I taped this charming offering from National Geographic channel just to see what the secular world was saying about Biblical things.
They did enlist Bible scholars from Egypt and Israel and they even threw in some Christian scholars from various universities.
With all this knowledge at the fingertips for our viewing pleasure, I am astounded at how obtuse some people are who study the Bible. I can forgive archeologists a little when they go down the wrong path, but those who claim to be expert in Biblical studies should always be cautious in interpretations. I will give them that. They were cautious.
The question was thrown up, "Why did God accept one brothers offering and reject the other one's offering?"
First explanation that was offered was that Cain really didn't know what he was doing since there had been no killing or death nor murder up to that point. [insert very loud and long groan here]
Puh-leese. Why do scholars get so close to a passage that they do not see the broad picture? Matthew Henry was excellent at drawing the big picture using related passages from all over the Bible, even using illustrations from the NT to explain parts of the OT. He is truly what I would call a Bible scholar.
Cain knew. I am quite sure that Adam and Eve had told them the story of how God killed innocent animals in order to cover their nakedness. This is how they clothed themselves. Cain knew what death was. The covering of nakedness was actually the very first sacrifice, not the one depicted of Abel and Cain. It was the physical picture of the Spiritual truth that forgiveness and remission never comes without blood, which is why Christ's sacrifice is so precious to us.
I am also quite sure that Adam offered sacrifice in the proper way, the first fruits of the womb. This is precisely how Abel knew what to sacrifice from his own herd.

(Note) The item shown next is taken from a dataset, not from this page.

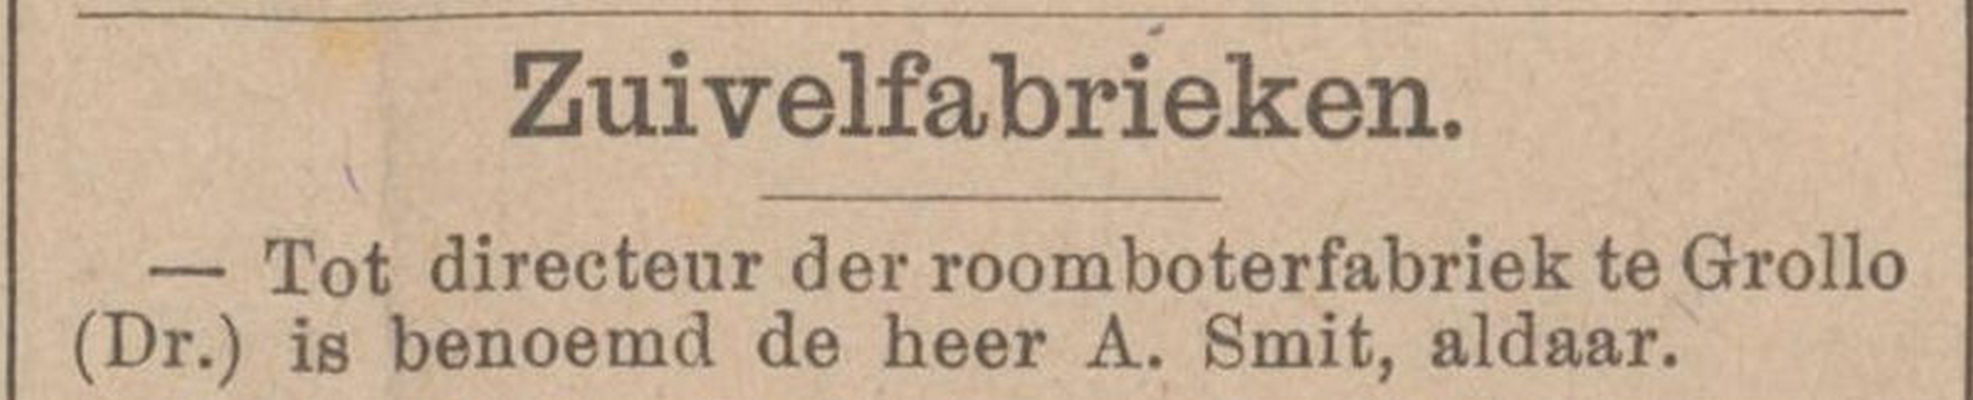 18990307 krant Nederlandsch weekblad voor zuivelbereiding en veeteelt directeur zuivelfabriek

This is also why God accepted Abel's sacrifice... and why God rejected Cain's. The sacrifice was Abel's acknowledgement that he had sinned, that he needed forgiveness from God, and it was his acknowledgement of the Sovereignty of God, His perfectness.
These scholars offered up another explanation of why Cain murdered Abel. It was over the love of their sister who was married to Abel. Cain wanted her so he killed Abel so he could have her. The narrator said that this explanation made much more sense, after all, we are slaves to our passions, right? I have no doubt that each man had his own wife who literally was his sister. The gene pool was a lot more pure back then. But, I think the murder in Cain's heart was much more than lustful adultery.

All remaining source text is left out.